* _What you need to do_: Nothing but the pictures should be dropped; repeat the rest of the data below exactly.

* _Provided data_:
┌────────
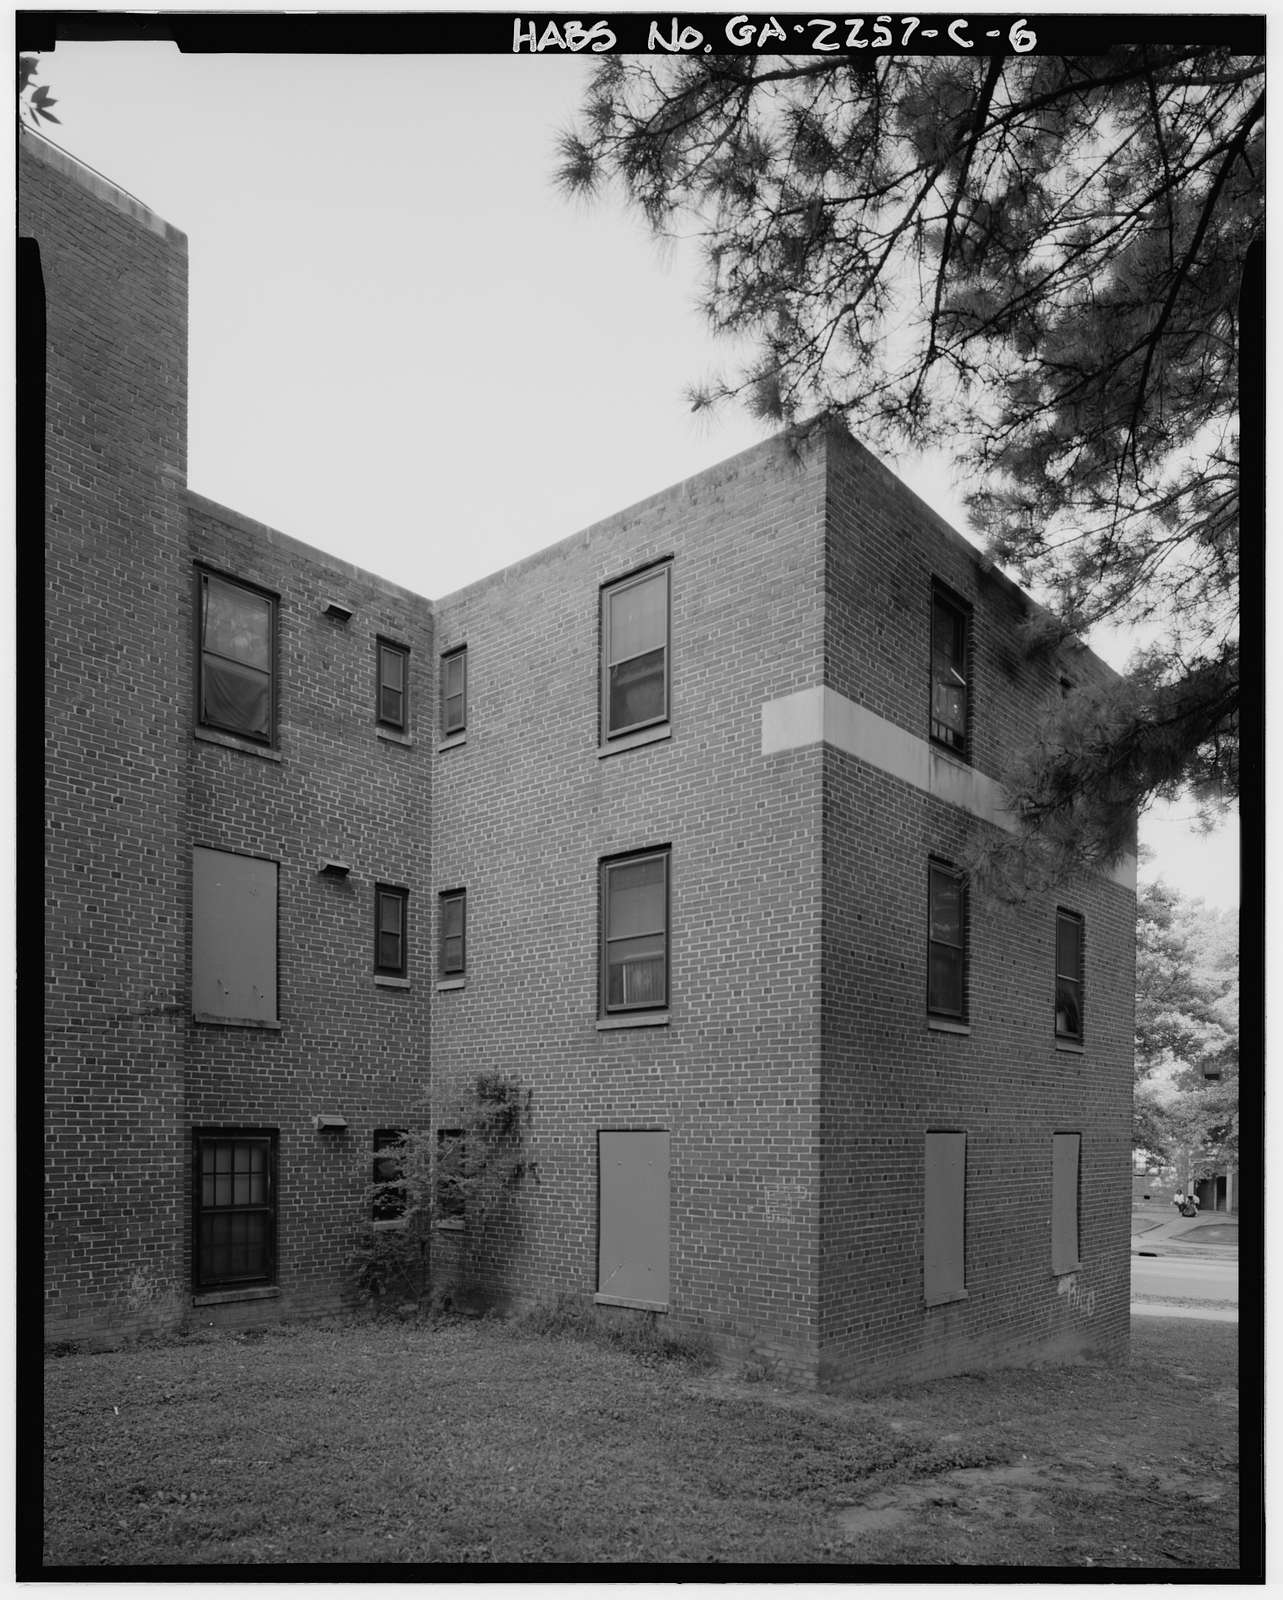 Techwood Homes, Building No. 1, 575-579 Techwood Drive, Atlanta, Fulton County, GA
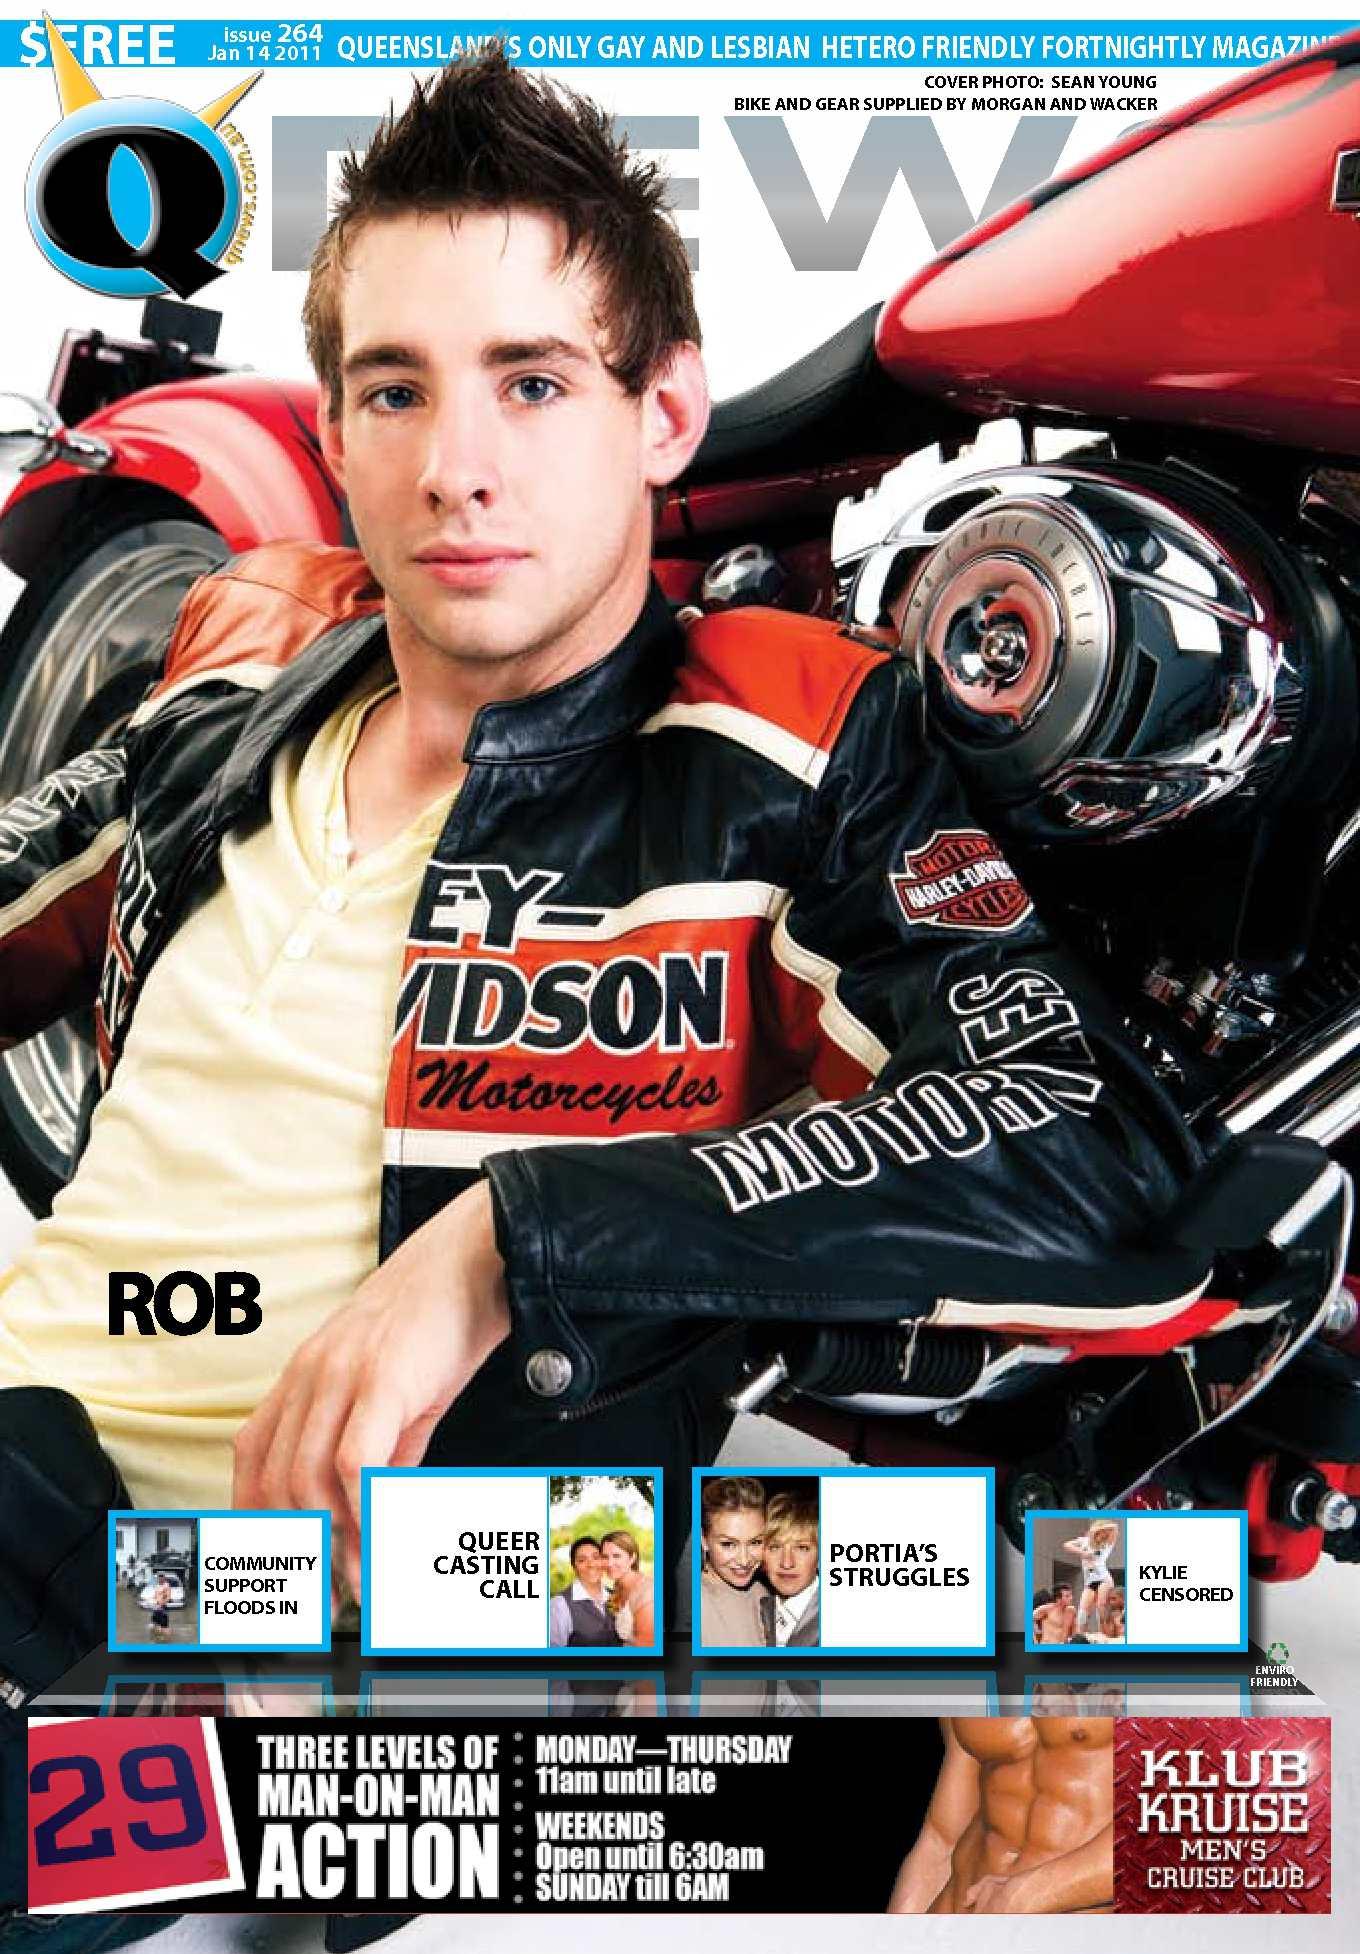 9a16e970ba Calaméo - QNews 264 Magazine Queensland s Gay and Lesbian Publication
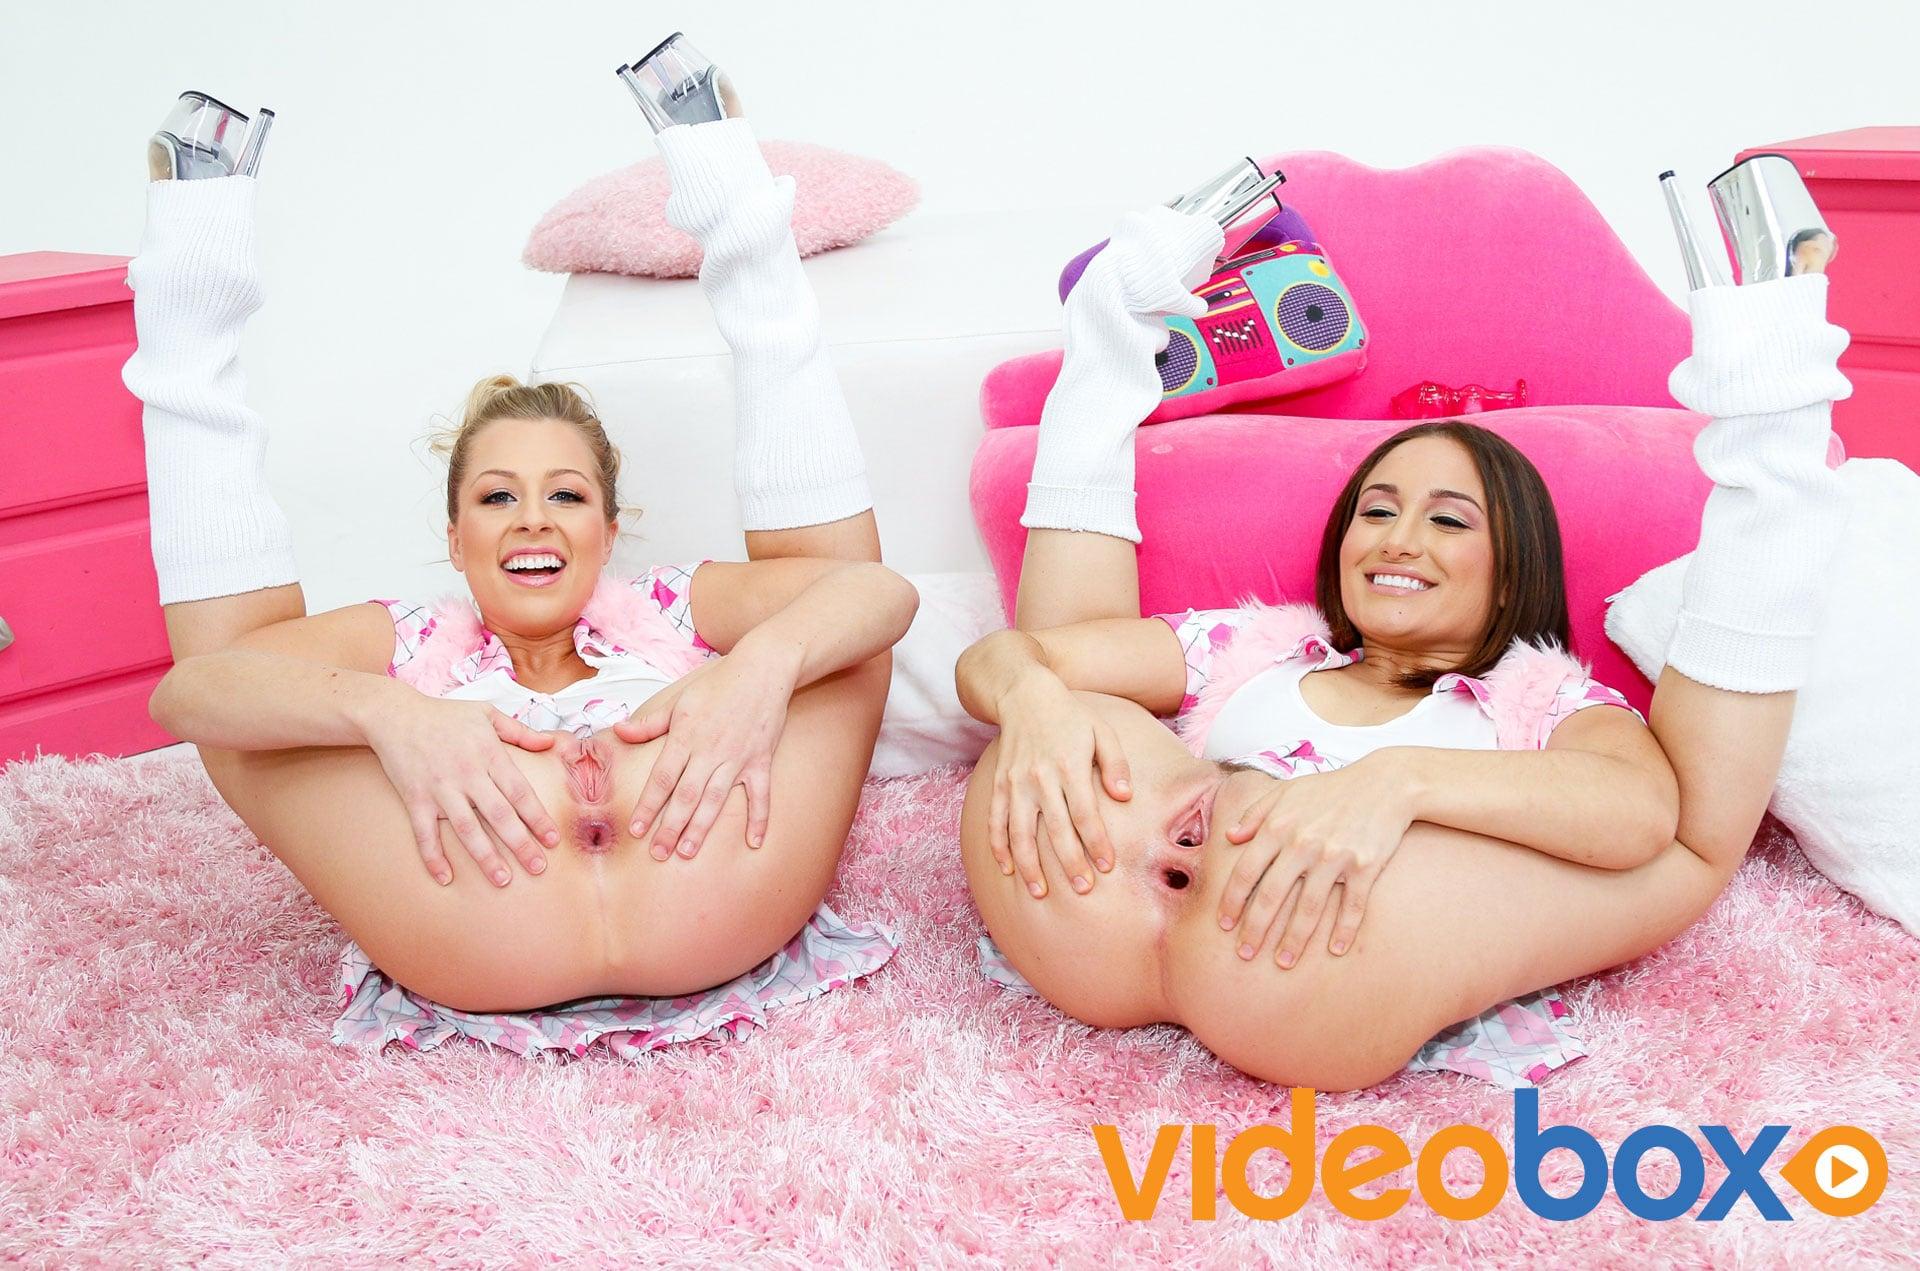 VideoBox 2 Cute Teens Pussys
└────────
* _Exercise solution_:
 Techwood Homes, Building No. 1, 575-579 Techwood Drive, Atlanta, Fulton County, GA
 9a16e970ba Calaméo - QNews 264 Magazine Queensland s Gay and Lesbian Publication
 VideoBox 2 Cute Teens Pussys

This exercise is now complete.